Like most people, I believed that Thoreau's Walden Woods
in Concord and Lincoln, Mass., was protected by the state or federal
government, but only the pond and the forest immediately surrounding it is
in a state park. More than 2,000 acres of Walden Woods lie outside. In the
fall of 1989 I saw a news story about two Thoreau scholars who had formed a
grassroots organization to prevent two large commercial projects from being
built within the woods. I telephoned to offer assistance and flew to Boston,
where I saw the magnitude of the challenge. To build public awareness I
founded the Walden Woods Project with the support of many other dedicated
preservationists in 1990.
Why is saving Walden Woods important?
The pond and the woods that inspired the writing of Walden
are historically significant not only because they were the setting for a
great American classic, but also because Walden Woods was Henry David
Thoreau's living laboratory, where he formulated his theory of forest
succession, a precursor to contemporary ecological science. Many people
refer to Walden Woods as the birthplace of the American conservation
movement because it was there that Thoreau called for us to set aside land
in its natural state, an impulse that would later lead to the creation of
our national parks. If we can't protect the place where the idea of land
conservation was so early asserted, how can we hope to save other places of
historical and environmental significance?

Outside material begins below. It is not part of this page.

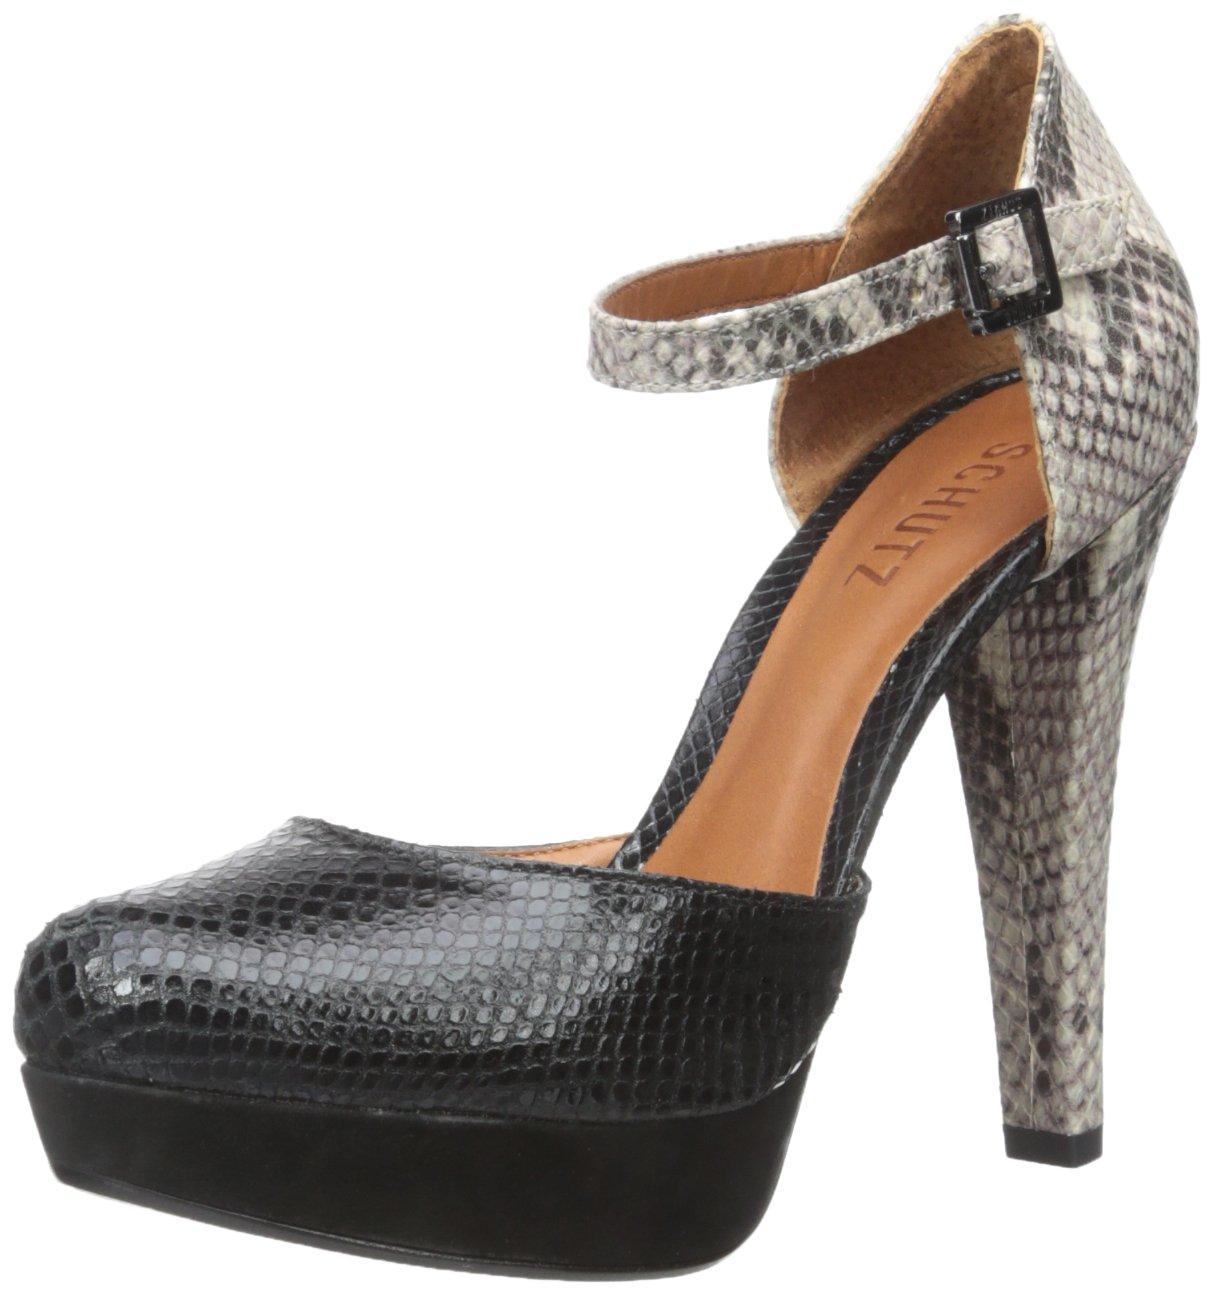 Schutz Women's Etta Sandal, Black/Natural Snake, 8 M US

What is the status of the Walden Woods
Project today?
It has protected nearly 140 acres of land surrounding
Walden Pond. About 65 percent of Walden Woods' 2,680 acres is now
permanently in conservation, but other historically significant and
environmentally sensitive tracts are in urgent need of protection. The
immediate objective is to restore a 35-acre closed landfill near Walden Pond
and acquire agricultural land in Walden Woods about to come on the market.
The headquarters of the Walden Woods Project is a historic building that is
an official Save America's Treasures project, a 1905 English Tudor house
built by Boston philanthropist Henry Lee Higginson, founder of the Boston
Symphony Orchestra.
Are you a preservationist or an
environmentalist?
I'm both. After all, our historic landmarks are a part of
our environment.
Which is more threatened?
Since millions of acres of land are paved over each year,
one could effectively argue that the natural environment faces the greater
threat. Yet at the same time, urban sprawl continues its relentless
digestion of our open spaces and eats away at our historic buildings and
landmarks. This threat is compounded by the fact that much of our historic
built environment has fallen into a severe state of disrepair.

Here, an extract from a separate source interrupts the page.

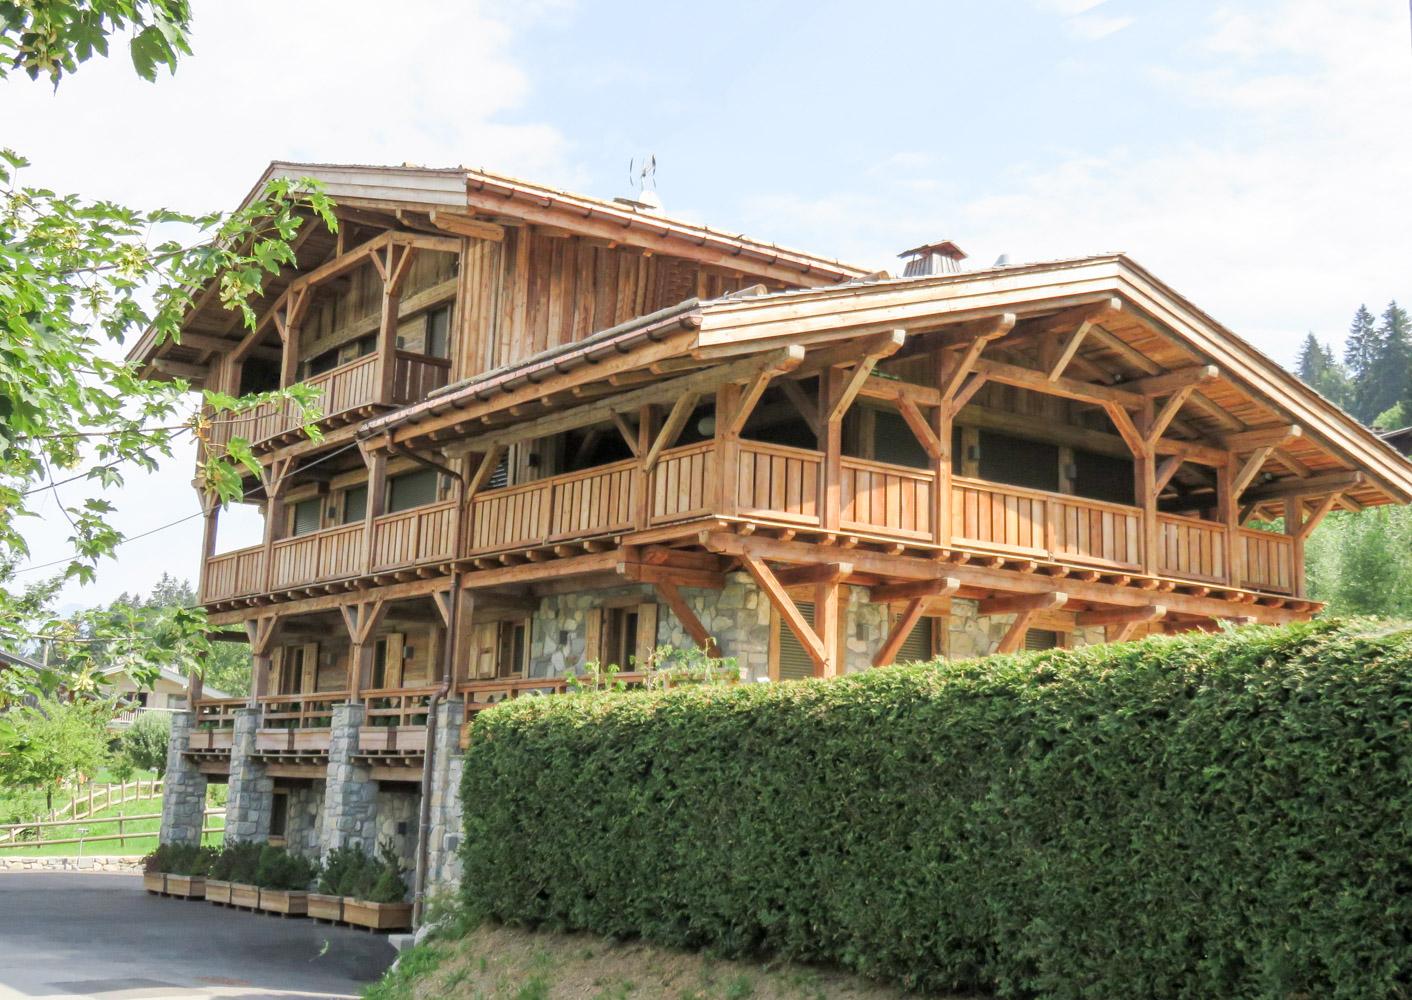 Charpente bois chalet obtenez des id es de - Architecture du bois ...

Are there other common interests?
Environmentalists and preservationists share a common
goal—the preservation of the "common wealth," the natural and built
treasures that define us as Americans. Whether they be historic buildings,
cultural landscapes, national landmarks, urban or national parks, wilderness
areas, or coastlines, the same threats loom large—a lack of funding for
preservation, unbridled urban sprawl, and the increasing pressures exerted
on dwindling resources by population growth. In recent years, far too much
of our commonwealth has been sold off or given away to special interests.
What would Thoreau make of America
today?
Trying to predict what he would think about anything is
risky, but I believe he'd be immeasurably pleased that our nation has set
aside large tracts of land as national parks, national forests, and wildlife
refuges. I think he'd be disappointed to learn that we are not doing more to
protect what little remains of our wilderness areas and open spaces. He'd
also take pleasure in our efforts to preserve our historic buildings, our
artifacts, and the symbols of our cultural heritage but would chastise us
for not doing more.
Thoreau would bemoan the fact that we have become a nation
driven by consumption, alienated from the joys of simplicity that he
expounded upon. I expect he would scold us for enslaving ourselves to our
PCs, PDAs, and big-screen TVs and urge us to get outside.